Soms gaat het niet over
Viel dat even tegen: toch een vierde golf, weer een lockdown, een zorgstelsel dat op inklappen staat. Dacht je dat het einde van de marathon in zicht was, moet er nog 10 kilometer bij. Veel mensen hadden het gevoel: het heeft lang genoeg geduurd, het mag nu weleens over zijn. Maar het is niet over, helemaal niet zelfs. Het virus zit overal.
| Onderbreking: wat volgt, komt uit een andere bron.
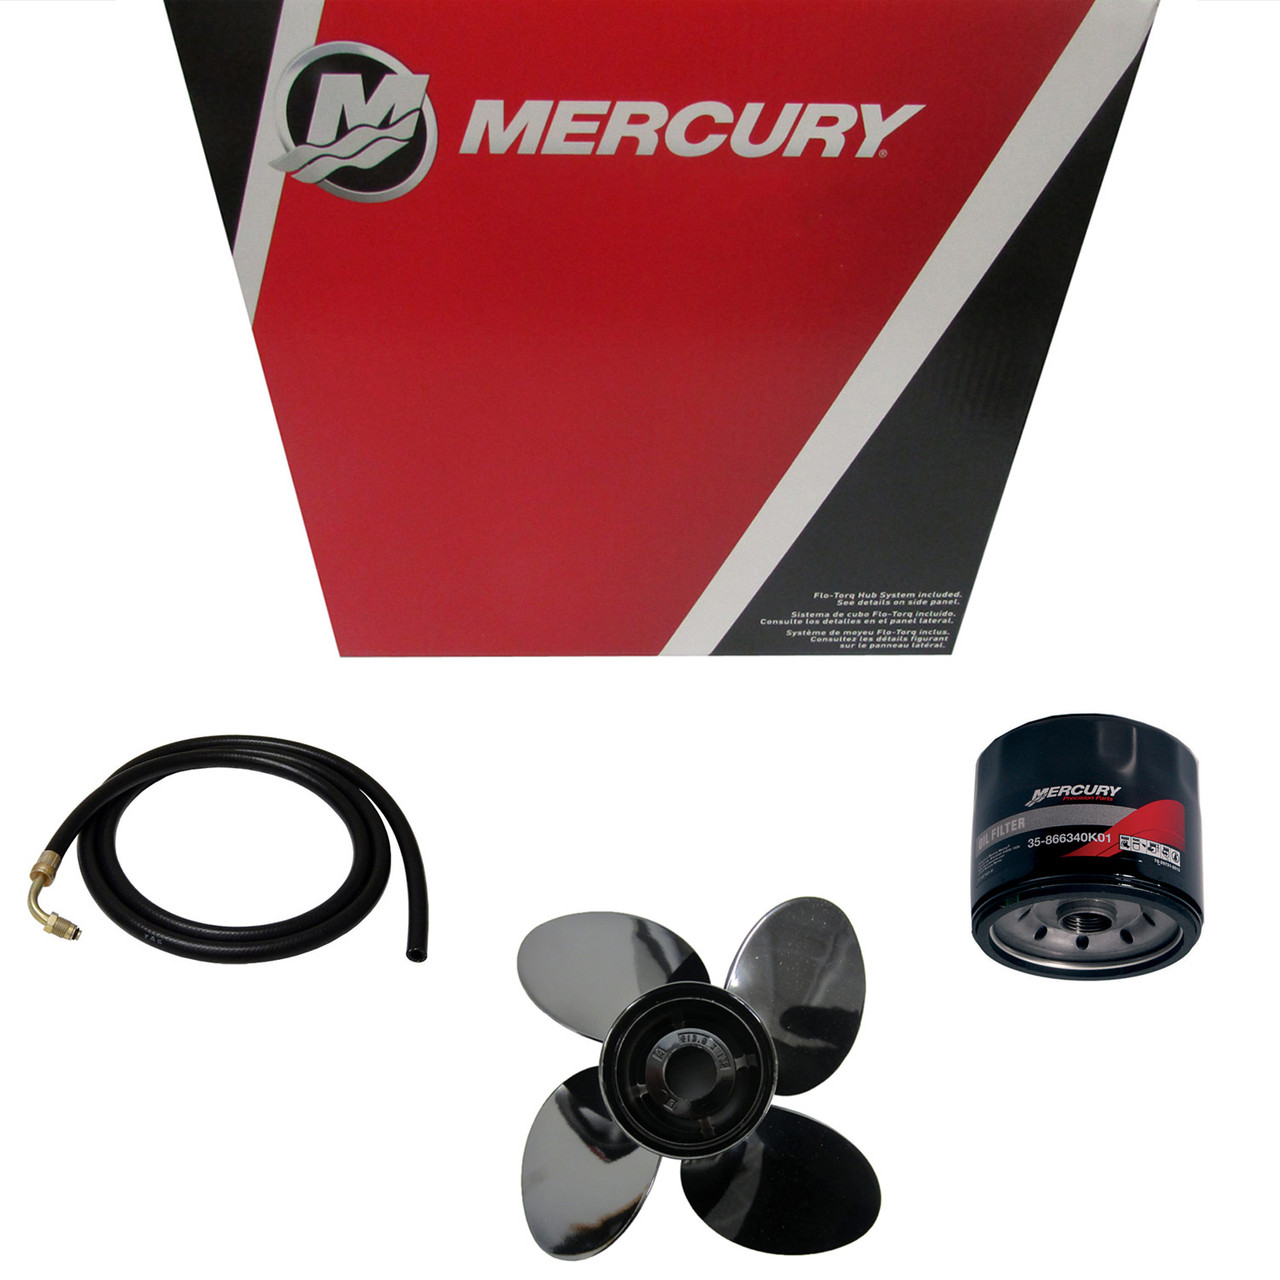 Mercury Marine / Mercruiser New OEM Nla, 32-8M0044846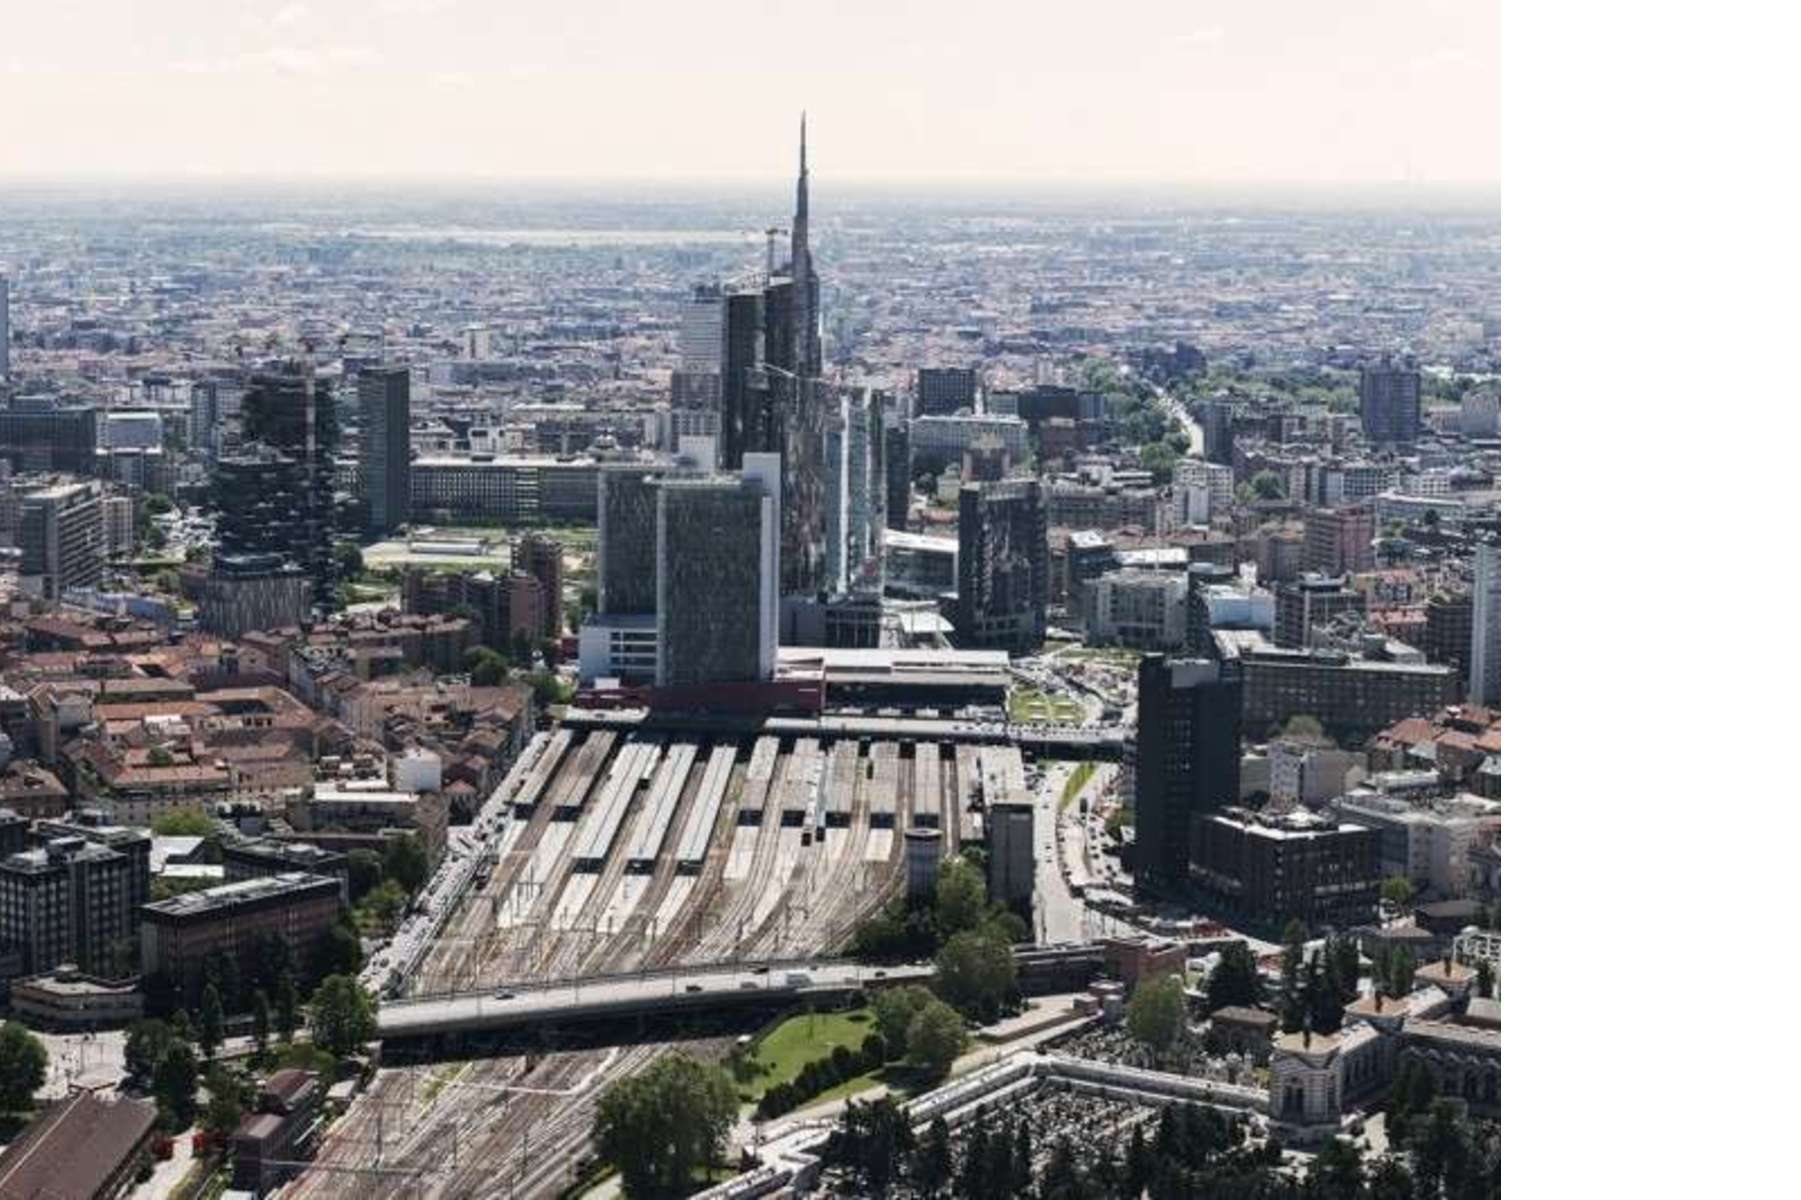 Cloudscraper: A century of skyscrapers in Milan exhibition ...

„Het moet nu maar eens over zijn, het heeft lang genoeg geduurd”: die houding is er soms ook bij psychische ziekte. Of bij rouw. „Ben je nu nog steeds zo verdrietig? Hij is al zo lang geleden overleden!” „Is die depressie nu nog niet over? Wordt het niet eens tijd dat je jezelf bij elkaar raapt en gewoon aan het werk gaat?” Het is moeilijk voor ons om lijden, uitzichtloosheid en machteloosheid te verdragen, om tegenvallers steeds opnieuw te incasseren. We zijn meer van de stijgende lijn, dat het steeds iets beter gaat. Of van de goede afloop: het was een heel nare periode, maar uiteindelijk…
Dat laatste wordt wel ”redemptive reframing” genoemd: je duidt een gebeurtenis of iets wat je meemaakt op een verzoenende manier, waarbij het kwade als het ware oplost in het goede. Je hebt er bijvoorbeeld iets van geleerd, of je hebt ontdekt wat nu echt van waarde is, en dat maakt alles goed. De Amerikaanse psycholoog Dan P. McAdams spreekt zelfs over ”redemptive selves”: wij vertellen ons levensverhaal graag in termen van vooruitgang, van het overwinnen van de moeilijkheden, op een manier van ”eerst was het beroerd, maar nu…” Dat krijgt dan ook een verplichtend karakter, het wordt een voorschrift: als je maar goed genoeg je best doet, kom je wel vooruit. Dan kun je moeite wel overwinnen, dan loopt het allemaal goed af. Deze toon stempelt de ”American dream” en is ook te herkennen in het neoliberale denken dat in onze maatschappij overheerst.
Zinloos
”Redemptive reframing” is niet per se on-Bijbels. Het is er op een bepaalde manier wel in terug te vinden. „Jullie hebben kwaad tegen mij gedacht, maar God heeft dat ten goede gekeerd”, zegt Jozef tegen zijn broers (Gen. 50:20). „Wij weten dat alle dingen meewerken ten goede voor hen die God liefhebben”, schrijft Paulus (Rom. 8:28). Maar dat is niet het enige. Soms is lijden zinloos en ondraaglijk, iets wat je eigenlijk niet kunt volhouden. Dat is ook Paulus: de schepping –waar wij als kwetsbare schepselen deel van uitmaken– is aan de zinloosheid onderworpen en zucht als in barensnood. Dat laatste is nogal heftig: barensnood is niet iets wat je dagen volhoudt. Toch is de pijn die mensen dag in, dag uit doorstaan soms even heftig en ondraaglijk zwaar – en niet na een etmaal voorbij. Het is goed om daar oog voor te hebben, om de heftigheid en de zwaarte te erkennen bij de ander of bij jezelf. En om samen de moeite en het verdriet uit te houden, in plaats van die weg te vegen met een snelle oplossing of simpele duiding. Soms gaat iets niet over, soms moet je eindeloos rondsjouwen met die ondraaglijke last, en voelt het alsof je het niet overleeft. En soms loopt het niet goed af, maar blijven kwaad en lijden, pijnlijke herinneringen of verlies, en stoot je je daar steeds op een gemene manier aan.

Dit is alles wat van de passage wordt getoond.